Taking only the lines of the data below from the line with "Los Angeles Dodgers" to the line with "Tom and Jerry free wallpapers", ends included, write them out exactly and without pictures.

● PROVIDED INFORMATION:
------------------------------

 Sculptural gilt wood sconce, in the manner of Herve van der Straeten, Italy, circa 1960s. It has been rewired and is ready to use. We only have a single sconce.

------------------------------

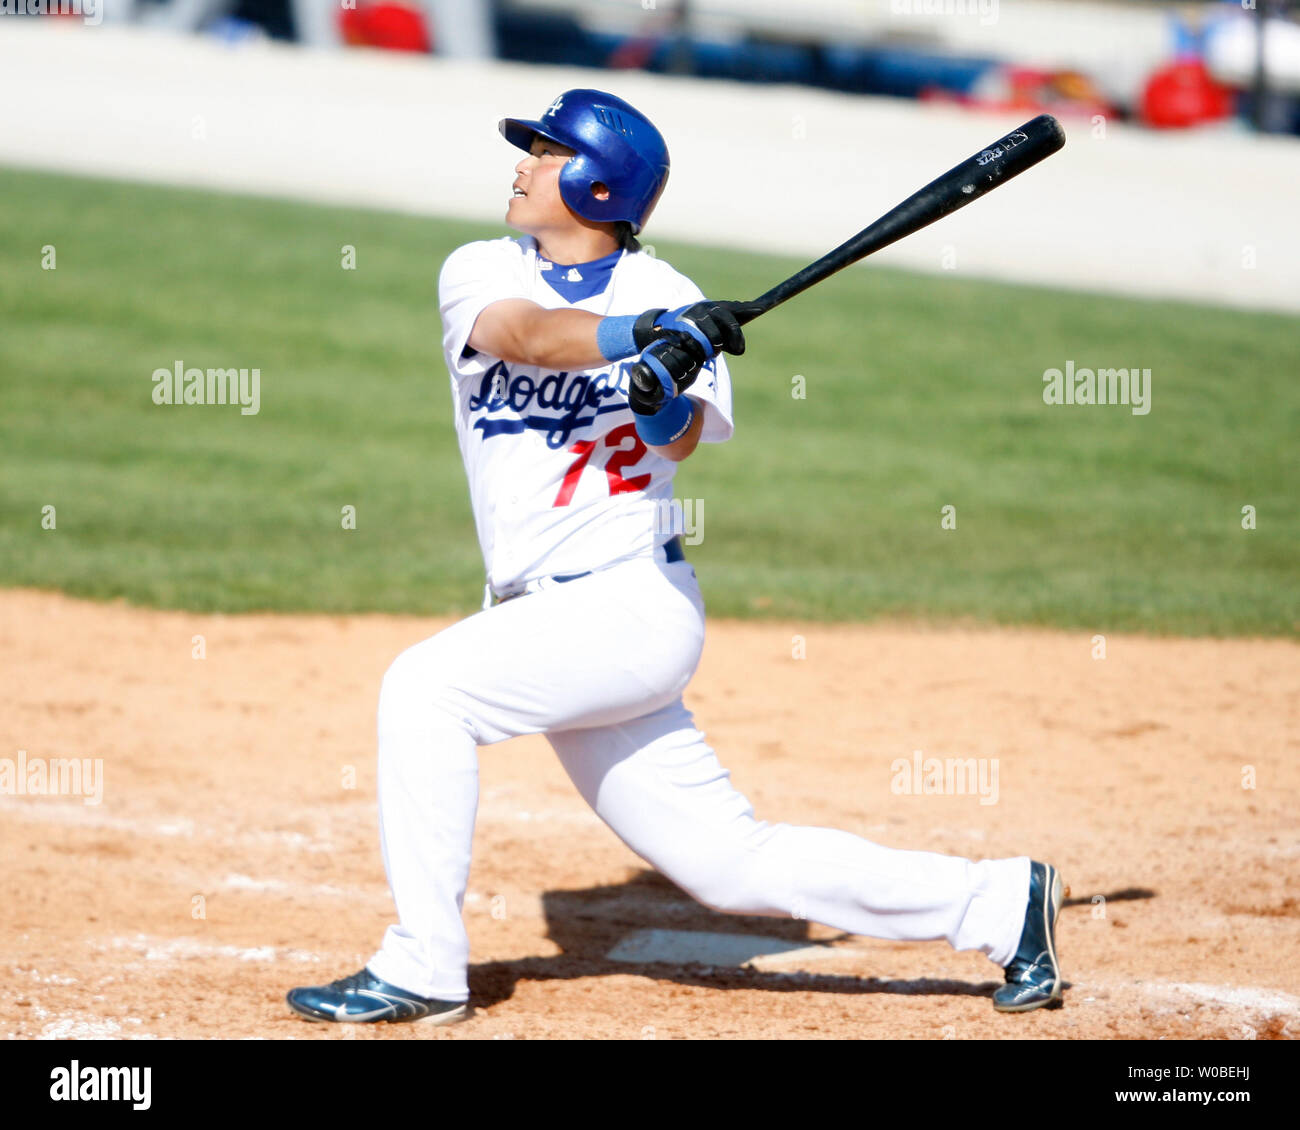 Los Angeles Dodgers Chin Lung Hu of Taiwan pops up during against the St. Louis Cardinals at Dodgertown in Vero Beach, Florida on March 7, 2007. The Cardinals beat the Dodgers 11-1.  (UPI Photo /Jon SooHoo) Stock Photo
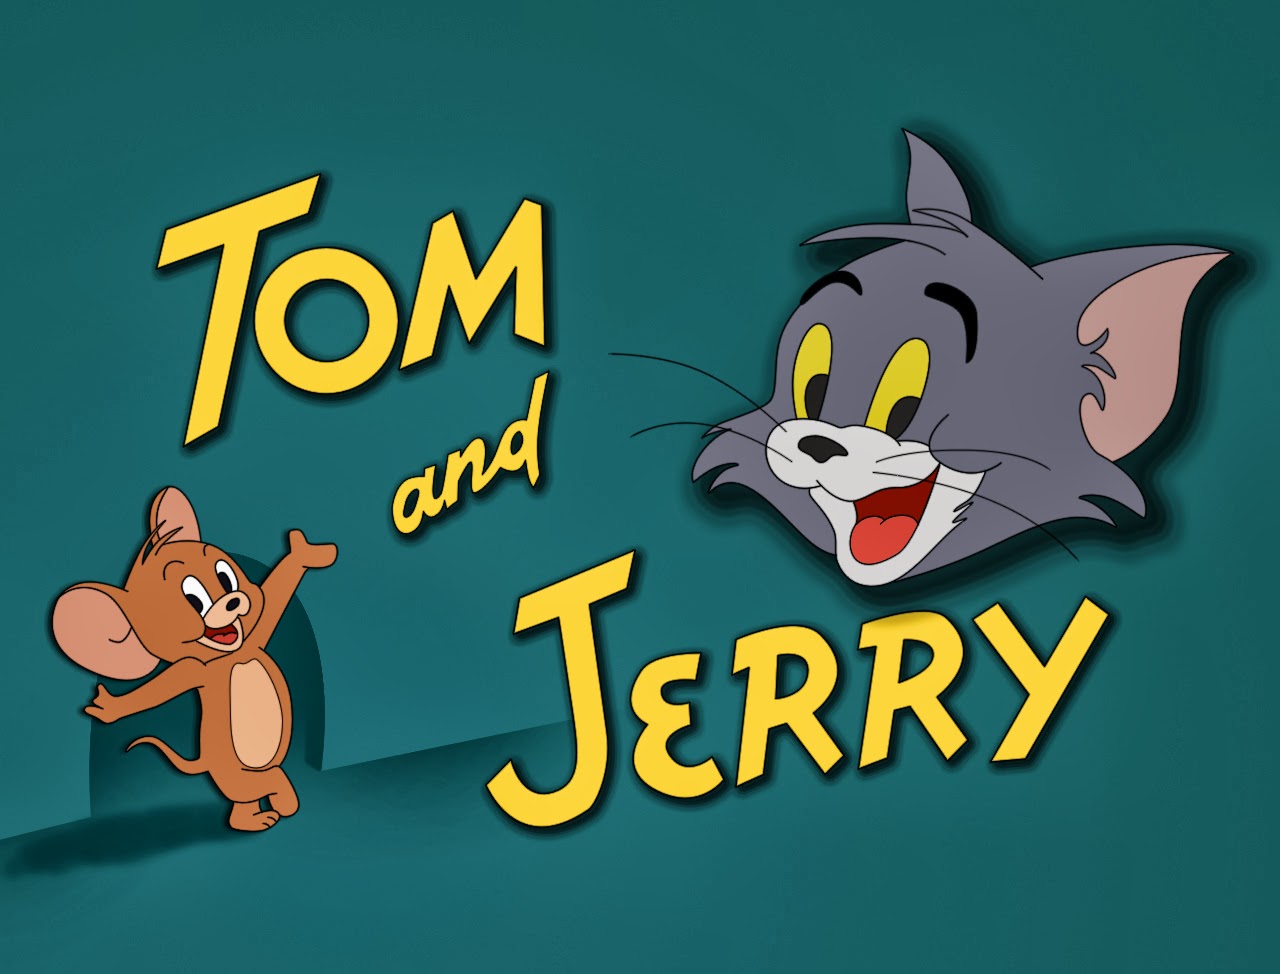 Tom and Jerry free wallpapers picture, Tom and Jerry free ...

------------------------------

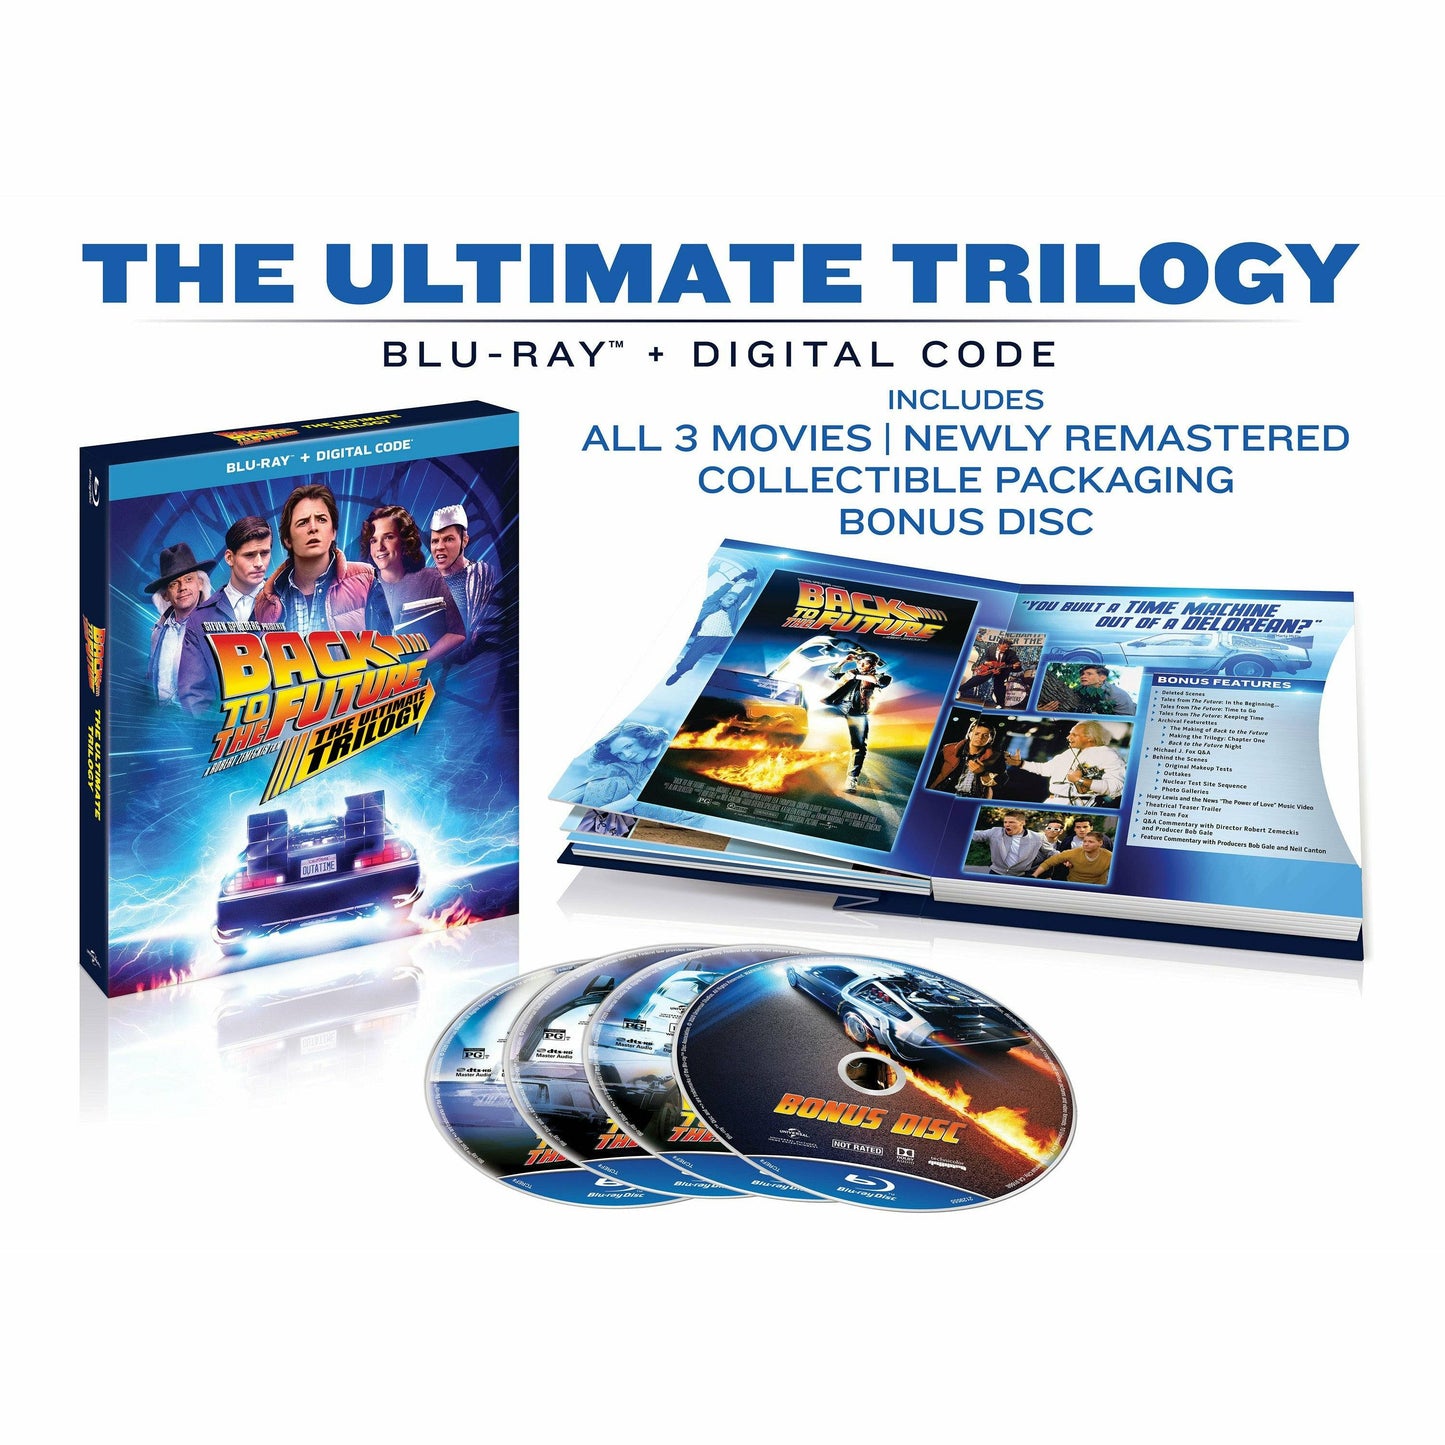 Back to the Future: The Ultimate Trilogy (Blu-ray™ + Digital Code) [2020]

------------------------------

● SOLUTION TO THIS TASK:
 Los Angeles Dodgers Chin Lung Hu of Taiwan pops up during against the St. Louis Cardinals at Dodgertown in Vero Beach, Florida on March 7, 2007. The Cardinals beat the Dodgers 11-1.  (UPI Photo /Jon SooHoo) Stock Photo
 Tom and Jerry free wallpapers picture, Tom and Jerry free ...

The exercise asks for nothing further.